-- Exercise --
All the lines below need retyping exactly, apart from the images.

-- Recorded information --
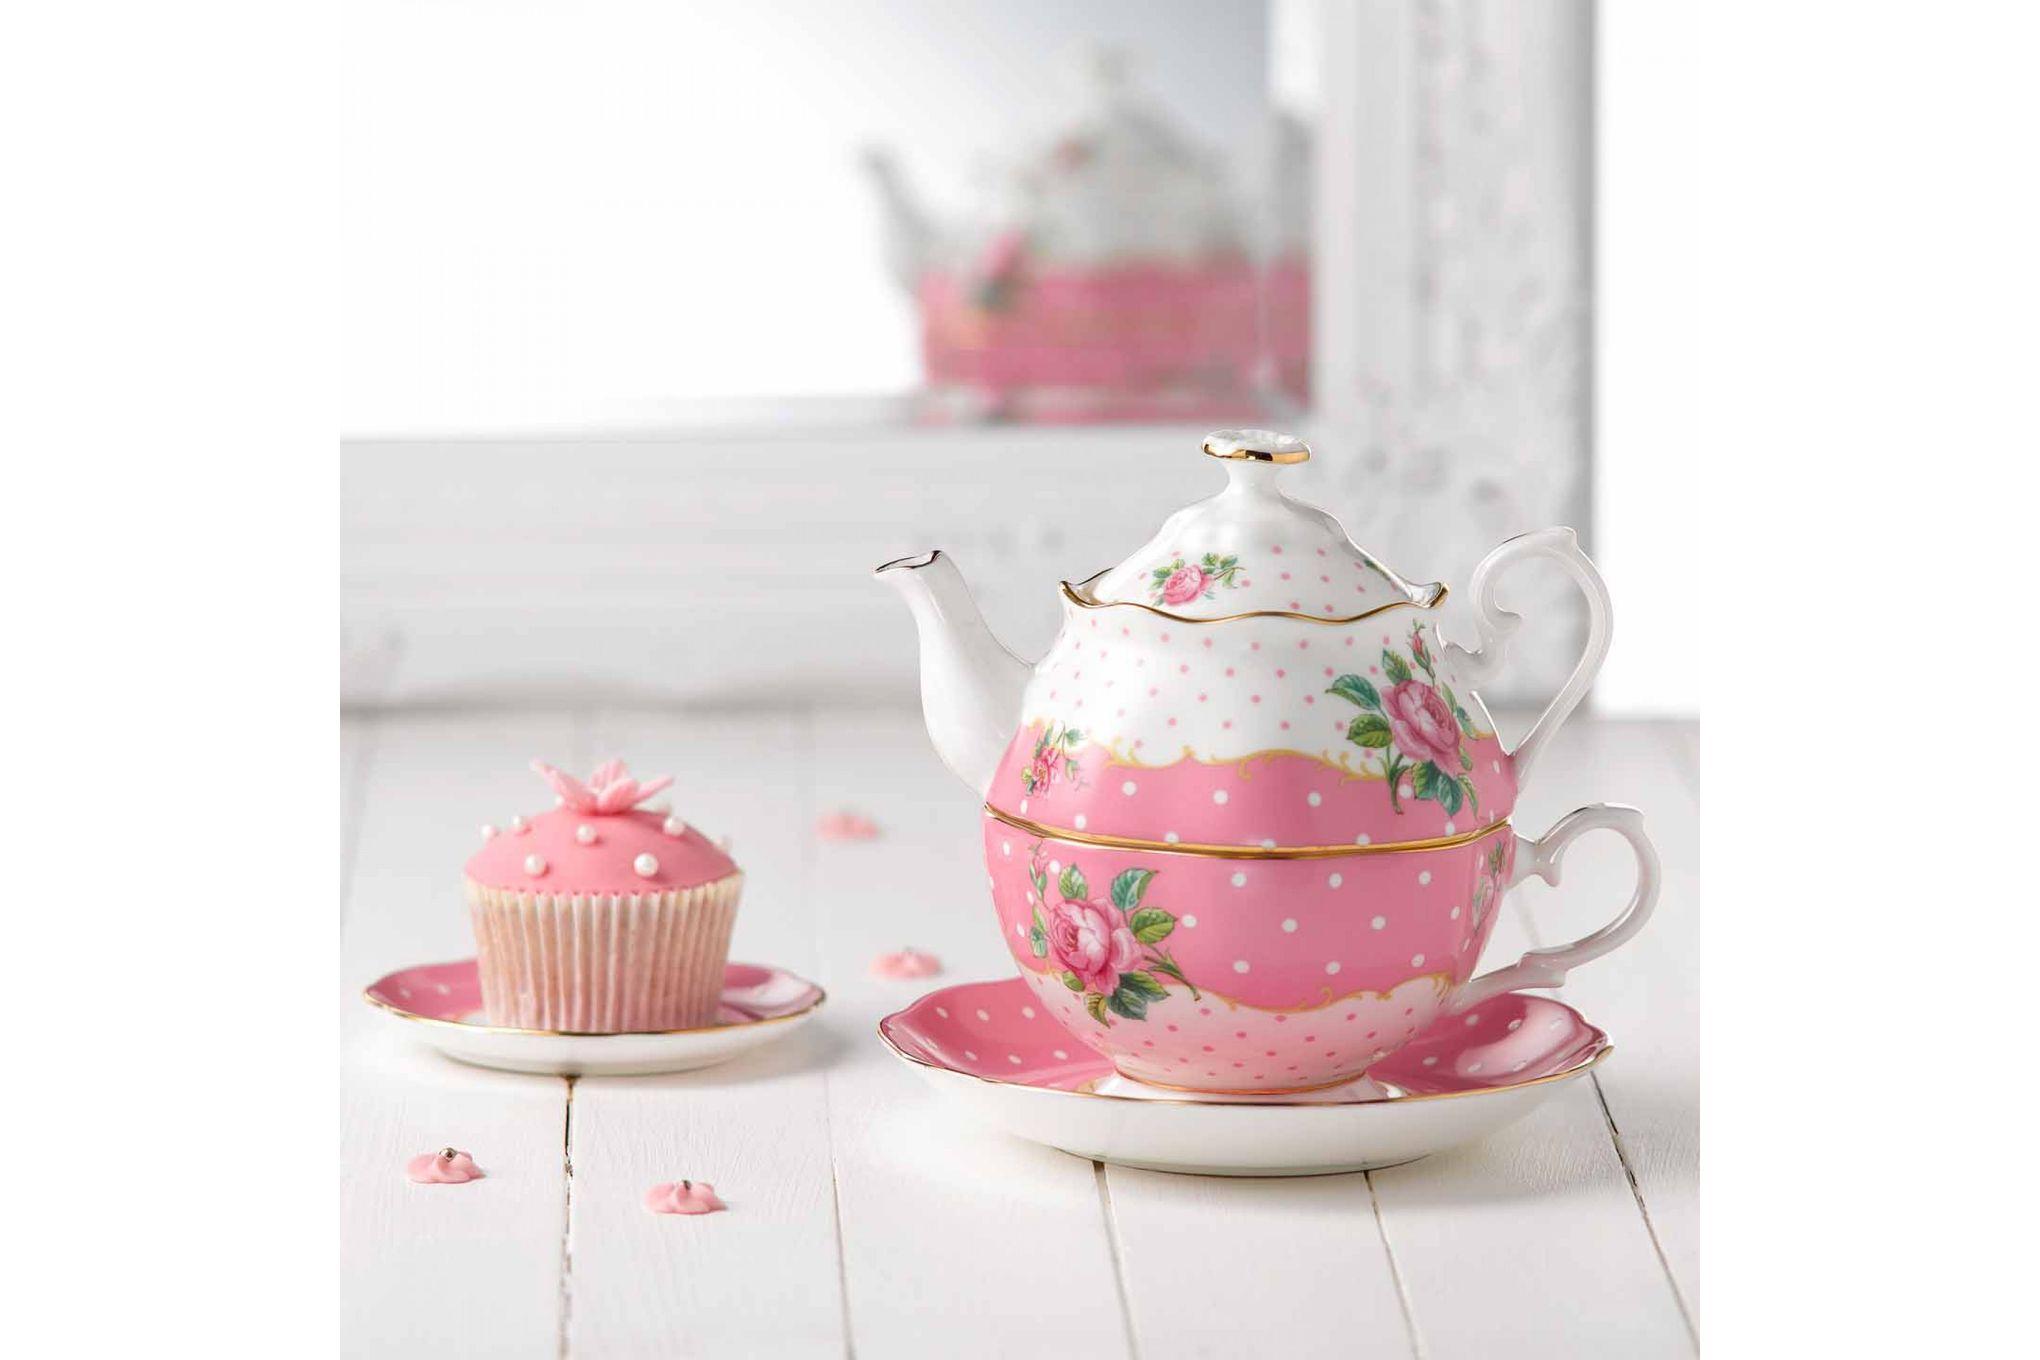 Royal Albert Cheeky Pink Tea For One Vintage Shape - Gift Boxed thumb 3
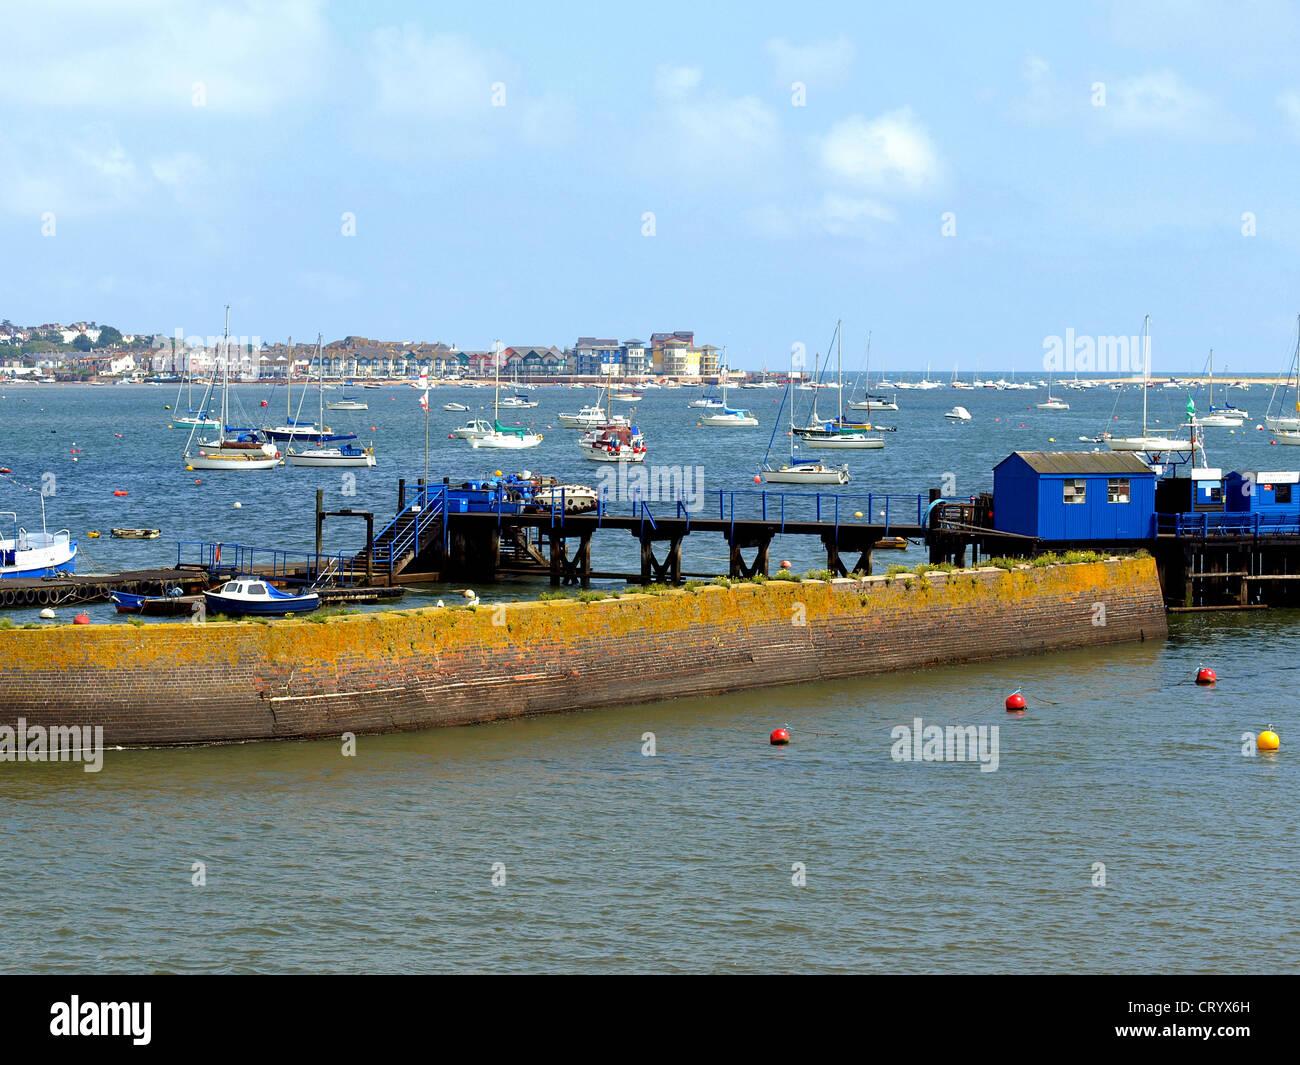 Ferry landing at Starcross, Devon. - Stock Image
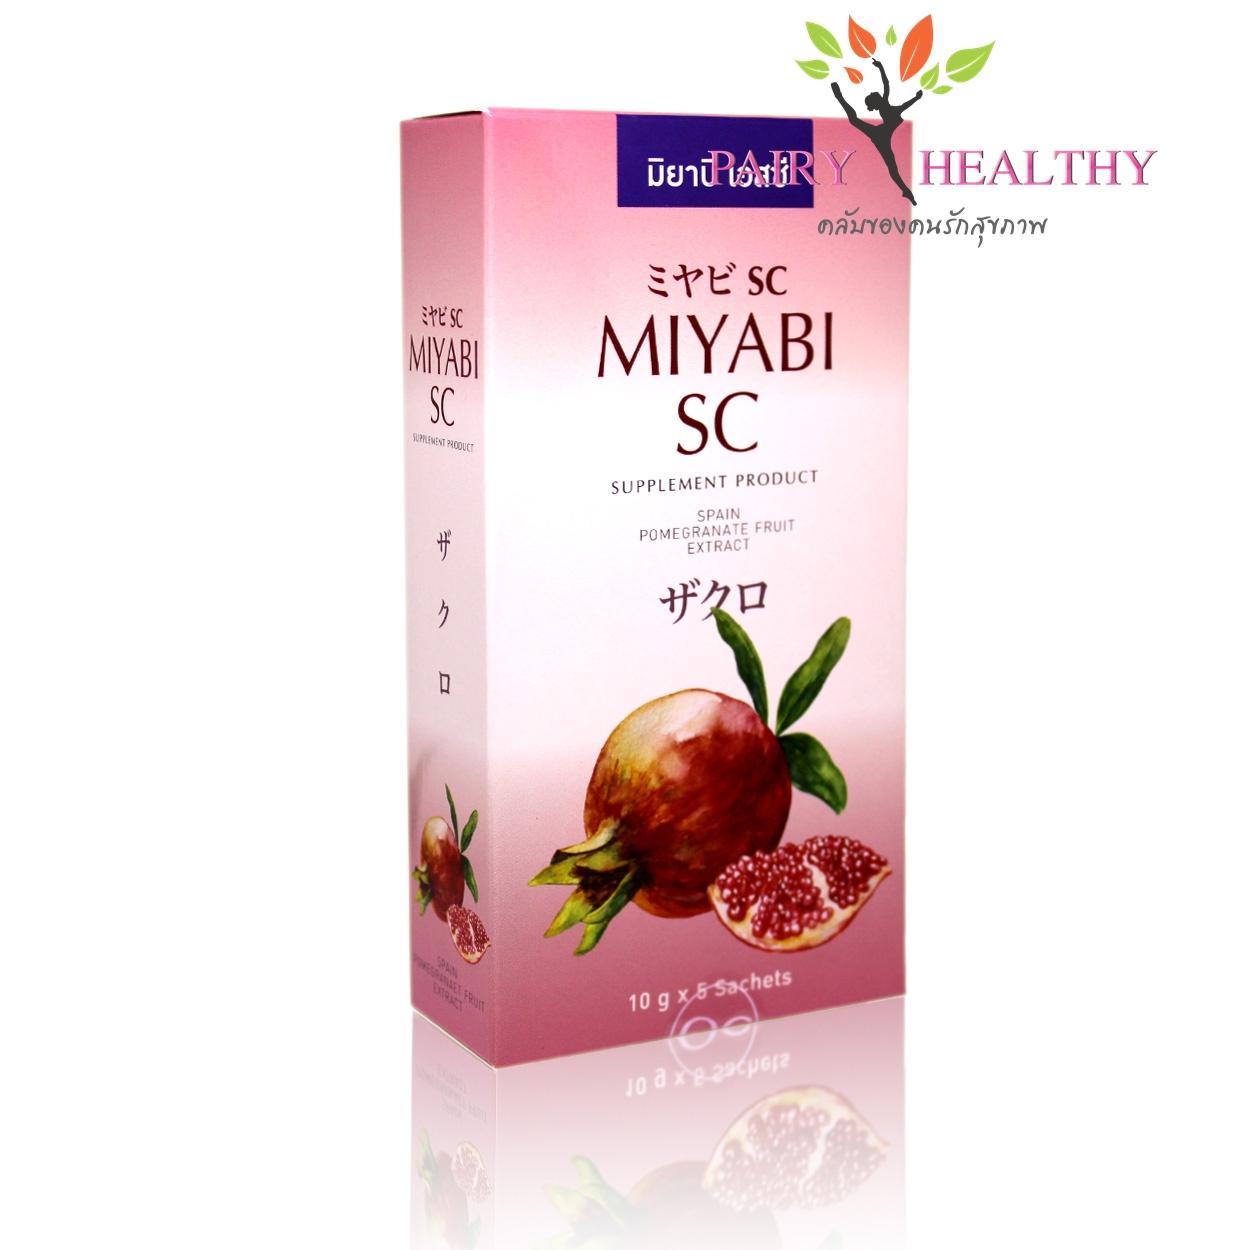 MIYABI SC มิยาบิคอลลาเจน ขนาด 5 ซอง/กล่อง ส่งฟรี ลงทะเบียน

-- Result of the exercise --
 Royal Albert Cheeky Pink Tea For One Vintage Shape - Gift Boxed thumb 3
 Ferry landing at Starcross, Devon. - Stock Image
 MIYABI SC มิยาบิคอลลาเจน ขนาด 5 ซอง/กล่อง ส่งฟรี ลงทะเบียน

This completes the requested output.